1. Foundational Principles
Shariah Compliant ETFs:
These ETFs are governed by Islamic finance principles derived from Shariah law. The goal is to provide investment returns while remaining compliant with Islamic ethical and legal standards. These funds avoid interest-bearing instruments (riba), excessive uncertainty (gharar), and haram (prohibited) industries such as alcohol, gambling, and conventional finance.
Green ETFs:
Green ETFs are rooted in environmental sustainability. These funds primarily invest in companies or projects focused on environmentally friendly practices – such as renewable energy, carbon reduction, sustainable agriculture, and green technology. Their mandate is to support environmental outcomes and contribute to fighting climate change.
2. Screening Criteria
Shariah Compliant ETFs:
Screening involves both qualitative and quantitative filters:
- Qualitative: Exclude companies involved in prohibited sectors (e.g., alcohol, tobacco, pork, weapons, adult entertainment, and conventional banking or insurance).
- Quantitative: Financial ratios must meet Shariah thresholds – for instance, total debt to assets or market value; or interest-bearing securities should remain below a specified percentage.
Oversight is typically provided by a Shariah advisory board, ensuring ongoing compliance.
Green ETFs:
Screening is based on Environmental, Social, and Governance (ESG) criteria, often with a focus on the “E”:
- Companies are evaluated for their carbon footprint, energy use, pollution, climate risk management, and sustainability initiatives.
- Funds may track specific indices like the MSCI Global Green Bond Index or S&P Green Bond Index, and third-party ESG ratings are commonly used for filtering.
Oversight is typically provided by ESG analysts, index providers, and sustainability committees.
3. Investment Universe
Shariah-Compliant ETFs:
These ETFs generally have a more limited universe due to strict compliance rules. For example, financial institutions, which form a significant portion of most global indices, are excluded. This leads to a greater concentration in sectors like technology, healthcare, and industrials – especially in U.S. markets.
Generally, about 50% of stocks listed on global markets qualify as Shariah compliant.
Green ETFs:
Green ETFs also have a narrowed universe but in a different way.
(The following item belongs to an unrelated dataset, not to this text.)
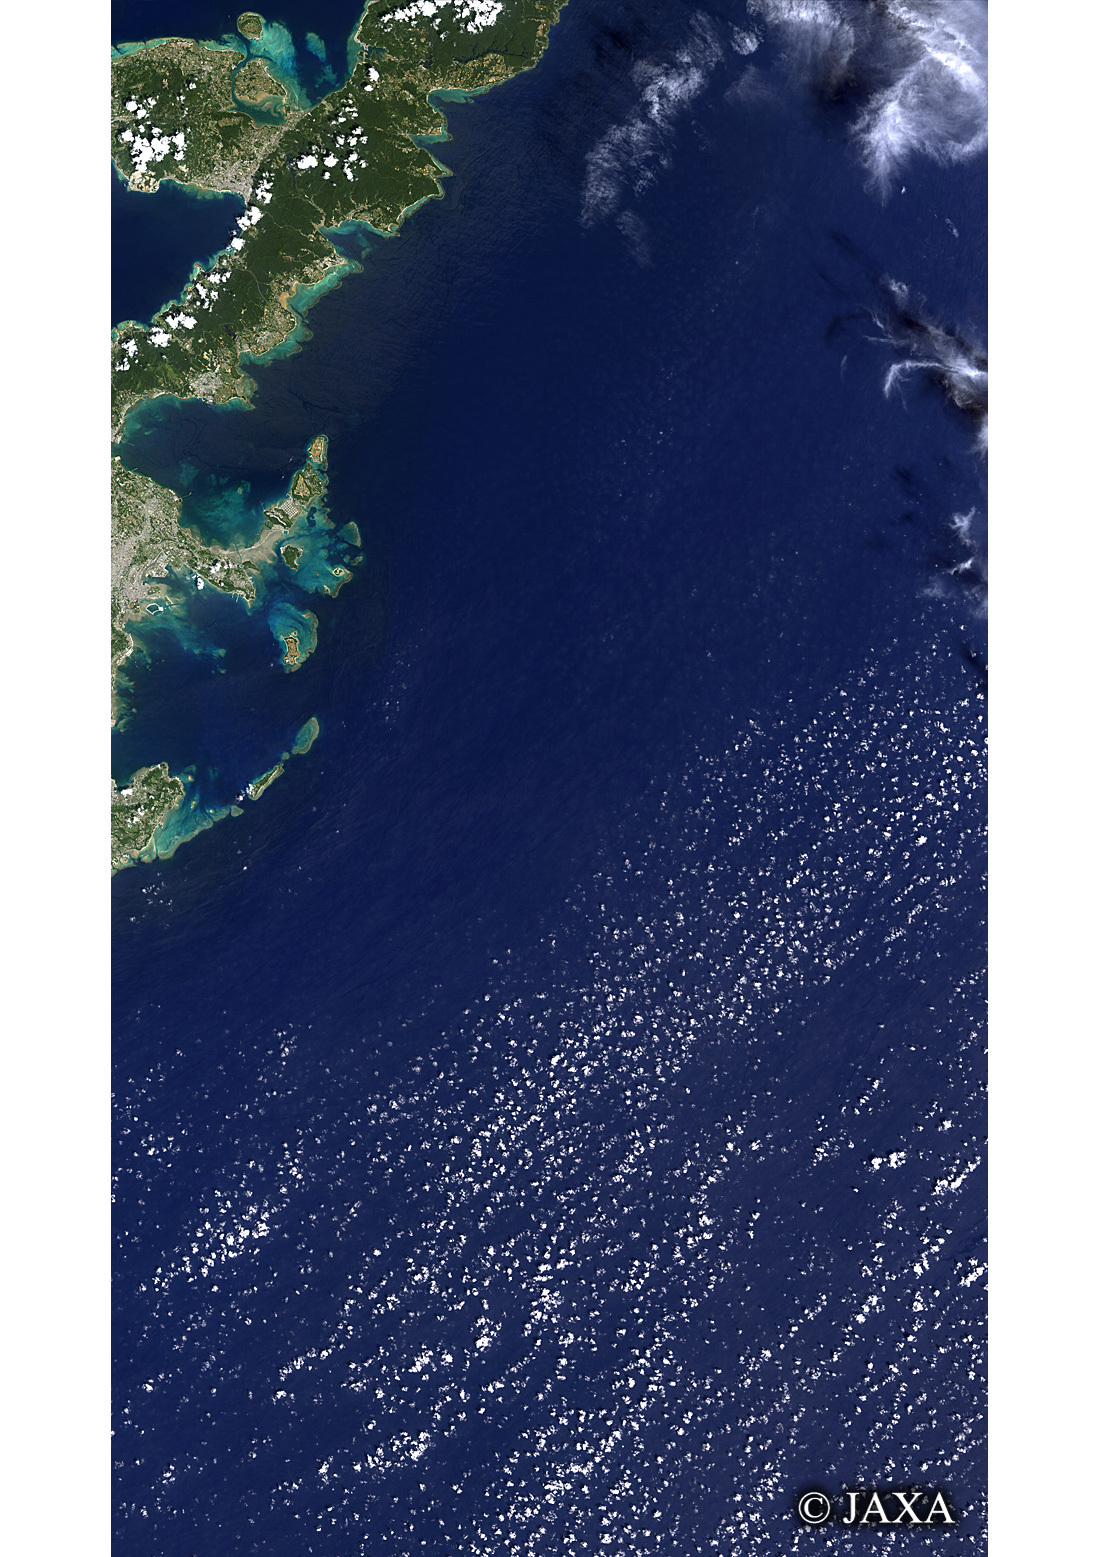 だいちから見た日本の都市 沖縄本島:衛星画像
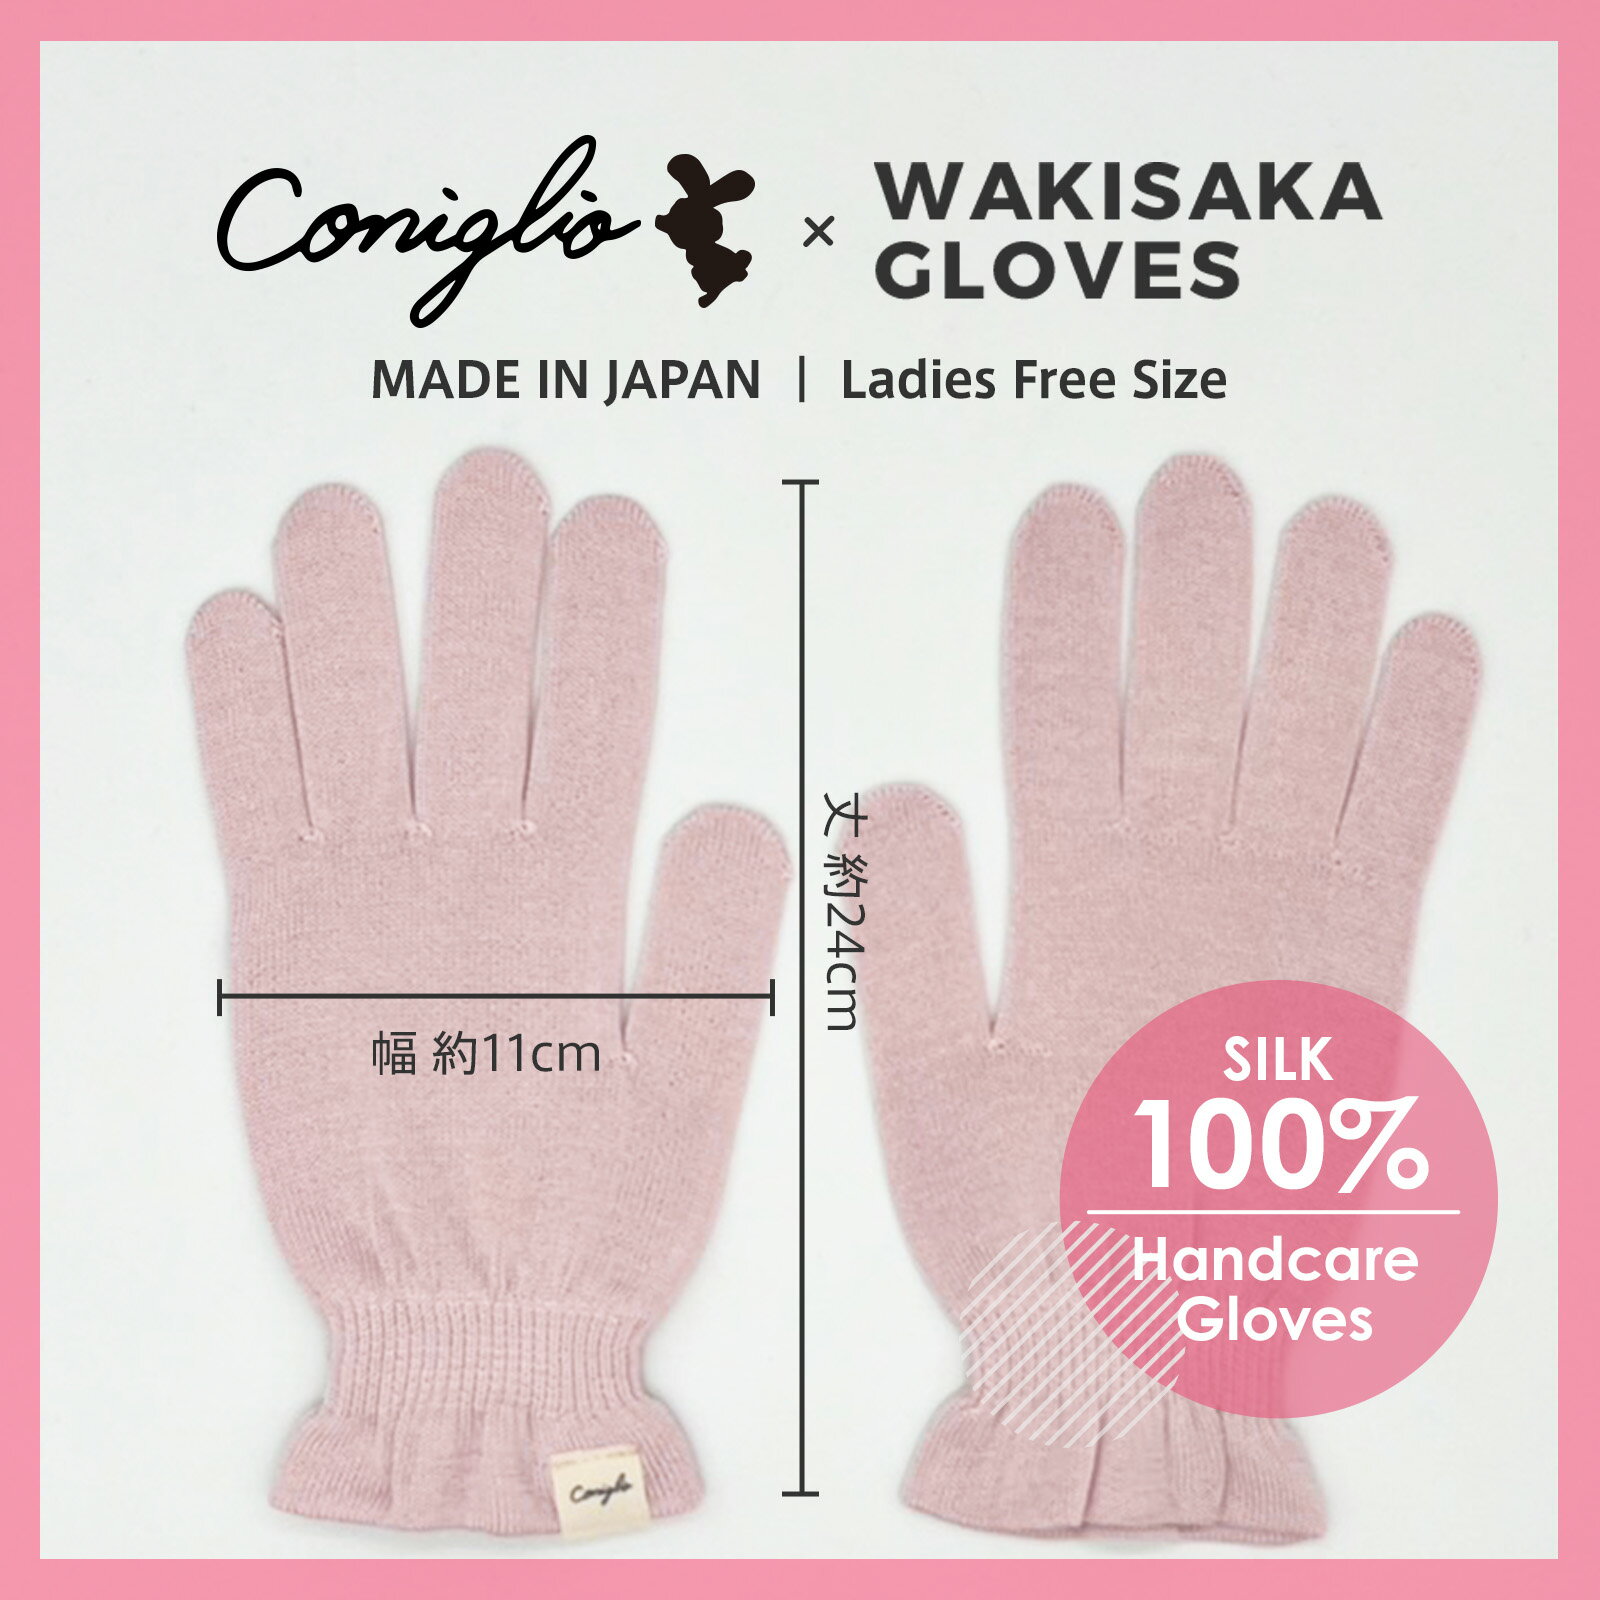 ハンドケア おやすみ ナイトケア シルク 100% 手袋 Conigilio × WAKISAKA GLOVES 「指先まで美しく」日本製 保温 乾燥 UVカット 冷え性 手荒れ あかぎれ ひびわれ 対策 ハンドクリームと合わせえて使える手袋 1

Their focus is on sectors actively contributing to environmental sustainability. This often includes clean energy, electric vehicles, water infrastructure, and green real estate. Fossil fuels and high emissions industries are excluded.
4. Objectives and Impact
Shariah Compliant ETFs:
The main objective is religious and ethical alignment. While most Shariah ETFs heavily intersect with ESG principles (e.g., avoiding debt heavy or unethical firms), the goal is spiritual compliance and halal income generation, not necessarily environmental or social activism, an objective which is more or less achieved as well.
Green ETFs:
The objective is environmental impact. These funds aim to contribute directly or indirectly to combating climate change, promoting clean technology, and encouraging corporate sustainability. Profit is still a goal, but secondary to the environmental mission.
5. Performance and Risk Considerations
Shariah-Compliant ETFs:
Performance may differ from conventional ETFs due to sector exclusions and limited diversification. For example, excluding interest-based financial institutions can impact exposure to high-dividend stocks. However, Shariah compliant ETFs have performed competitively in tech-heavy sectors.
Green ETFs:
Performance is influenced by the broader ESG and green economy trends. While they can be volatile – especially in sectors like clean tech – they benefit from increasing policy support, regulatory incentives, and growing consumer demand for sustainability.
Conclusion
While both Shariah compliant ETFs and Green ETFs fall under the umbrella of ethical or responsible investing, they serve distinct purposes and attract different investor profiles.
- Shariah-compliant ETFs are ideal for investors seeking halal income aligned with Islamic values, focusing on both moral and financial purity.
- Green ETFs cater to environmentally conscious investors looking to align their portfolios with sustainability goals and climate action.
For some investors, these two paths may overlap. In fact, a growing number of Shariah ESG hybrid funds are emerging, offering the best of both worlds – faith-based financial discipline combined with environmental stewardship.
As values based investing continues to expand, understanding the nuances between these ETF types is key to building a portfolio that truly reflects your personal beliefs and long-term goals.